# Surfstick an Fritz!Box nutzen



## DerrChecker (21. Juni 2015)

Hallo,

Ich bin mir net sicher ob ich meinen Huawei E3531 (Modell: E3531s-2) an meiner Fritz!Box 7330 Betreiben kann ob die Befehlssätze passen usw.

Könntet ihr mir da helfen? Und wenn der net geht, könnt ihr mir einen günstigen USB Surf stick empfehlen oder direkt nen Router der alles in einem hat, 

Am besten wäre es wenn man externe Antennen anstöpseln kann 

Schönen Sonntag Abend!


----------



## Joungmerlin (21. Juni 2015)

Meines wissens nach kannst du keinen UMTS/LTE Stick an der FritzBox 7330 betreiben, da diese keinen Modem Part dafür hat.
Dafür brauch man nen Router der speziell darauf ausgelegt ist. Z.B. den TP-LINK TL-MR3420.
Weiterhin kann nicht jeder dieser Router mit jedem Stick. Eigene Erfahrung...
Für den TP-LINK gibt's aber alternative Firmwares die ihn mit fast jedem Stick zusammenarbeiten lässt.
Leider bin ich aus der Materie etwas raus.


----------



## DerrChecker (21. Juni 2015)

Hey,

Den Router habe ich auch schon gesehen, aber ich habe überlegt entweder mit der Jetzigen Hardware oder dann direkt ein Router der ein 3G/4G Modem Integriert hat um Platz zu sparen 

Wäre toll wenn noch mehr Vorschläge kämen oder einer weiß wie das mit den Befehlssätzen ausseiht!


----------



## DKK007 (21. Juni 2015)

Ich betreibe meine 3490 mit meinem Lidl-Mobile Stick. Der ist auch von Huwei, ich weiß aber nicht genau welches Modell.


----------



## gorgeous188 (21. Juni 2015)

Falsch gedacht. Die 7330 hat an der Seite einen USB-Port für UMTS-Sticks. Der hintere Port zwischen LAN und RJ11 hingegen ist für Drucker oder Massenspeicher.
Hast du den Stick schon? Ich habe seit mehreren Jahren einen ZTE MF100, habe ich einfach mal auf Gut Glück angesteckt und hat funktioniert. In irgendeinem Wiki gab es mal eine Liste getesteter Kombinationen, aber die finde ich natürlich gerade nicht.


----------



## DerrChecker (21. Juni 2015)

Ja den Stick habe ich schon länger, nur wir brauchen auf ner Klassenfahrt nen Wlan netz in das mehrer Rein können 

Deshalb suche ich etwas und am geilsten wären externe Antennen da wir da in Italien sind und ich da net weiß wie gut der Empfang ist :/

Danke für den Tipp schonmal  

Ist des so gut?


----------



## DKK007 (21. Juni 2015)

Nur ist die Frage wie du das dann mit dem UMTS im Ausland machen willst.
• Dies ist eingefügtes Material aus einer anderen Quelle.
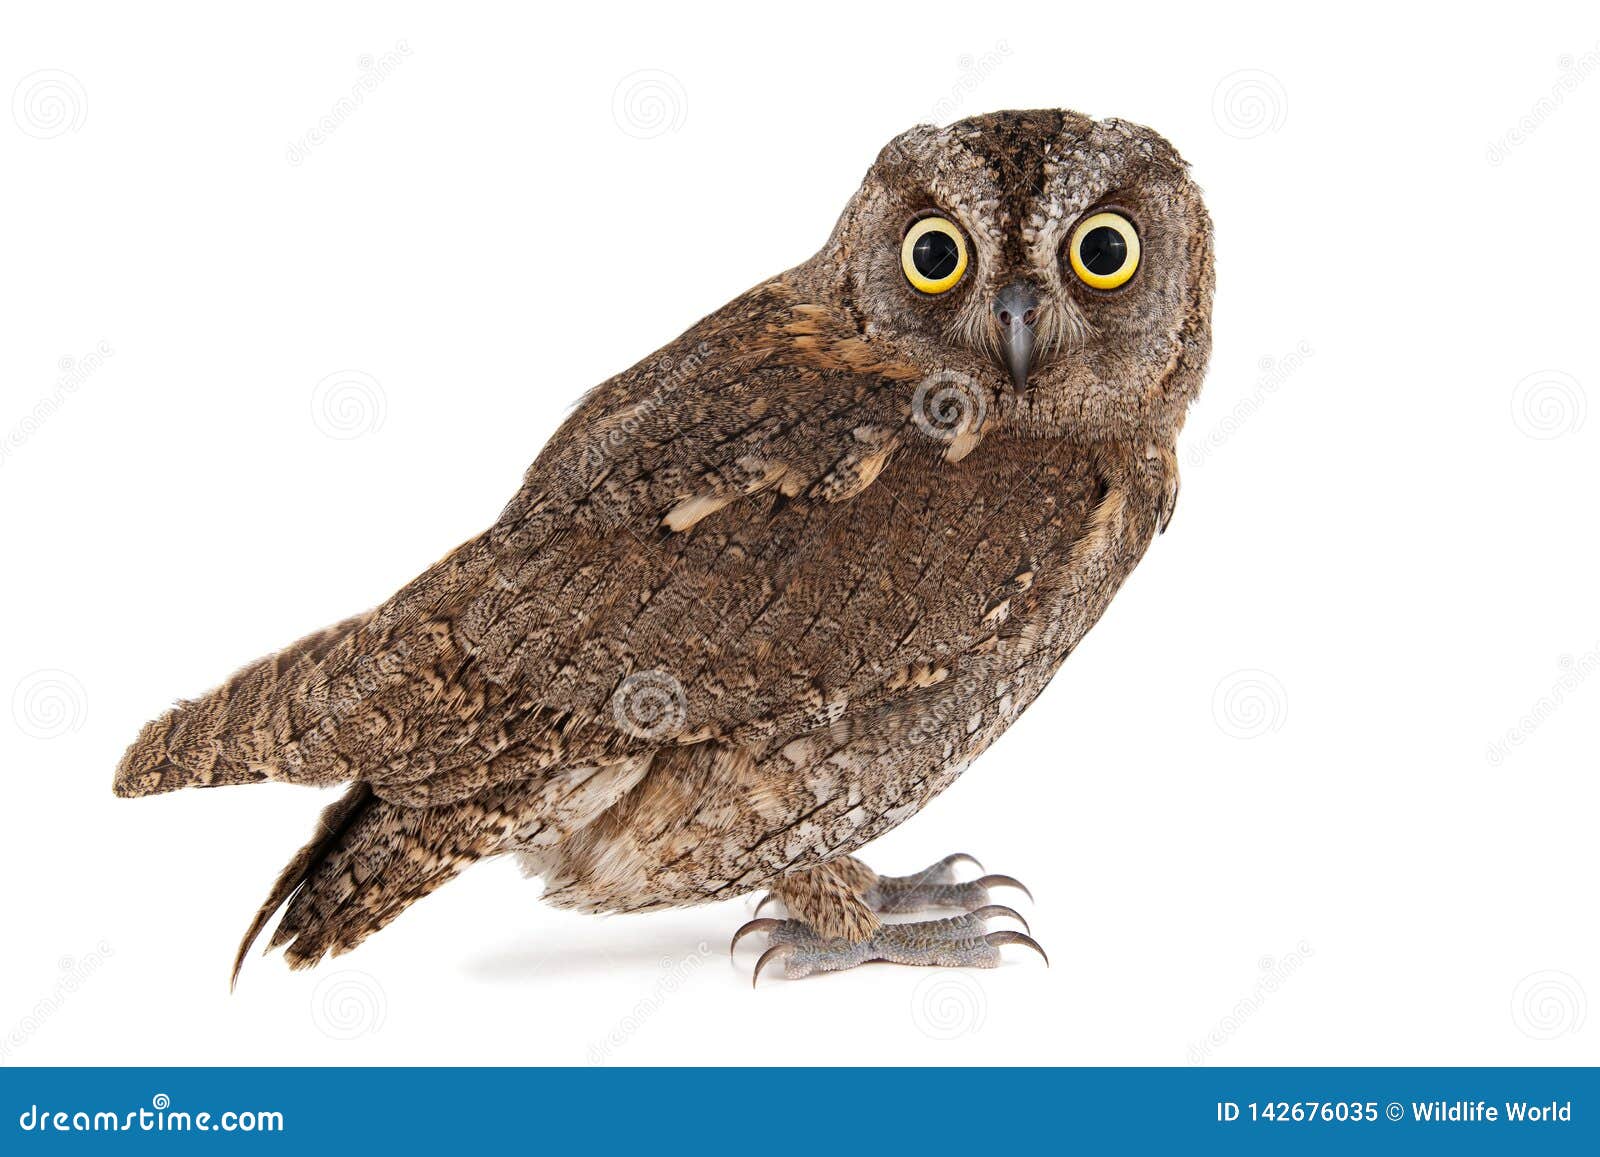 owls - european scops owl, otus scops,  on white background

Da solltest du dir ne lokale Sim benutzen, sonst zahlst du so viel wie für die Klassenfahrt nochmal fürs Roaming.


----------



## DerrChecker (6. Juli 2015)

Nein tue ich net da es in Italien net erlaubt ist eine SIM zu kaufen ohne einen Wohnsitz dort zu haben :/

Habe jetzt mal weng verglichen bei Aldi kriege ich ca 1GB Volumen für die 5-6 Tage für knapp 50€ 

Das geht eigentlich noch 

Esseitdem du weißt wie ich da noch günstiger an mehr Volumen komme ohne Vertrag also PRE-PAID 

MFG


----------



## DKK007 (12. Juli 2015)

Ist allerdings die Frage, ob das im Ausland dann auch läuft.


----------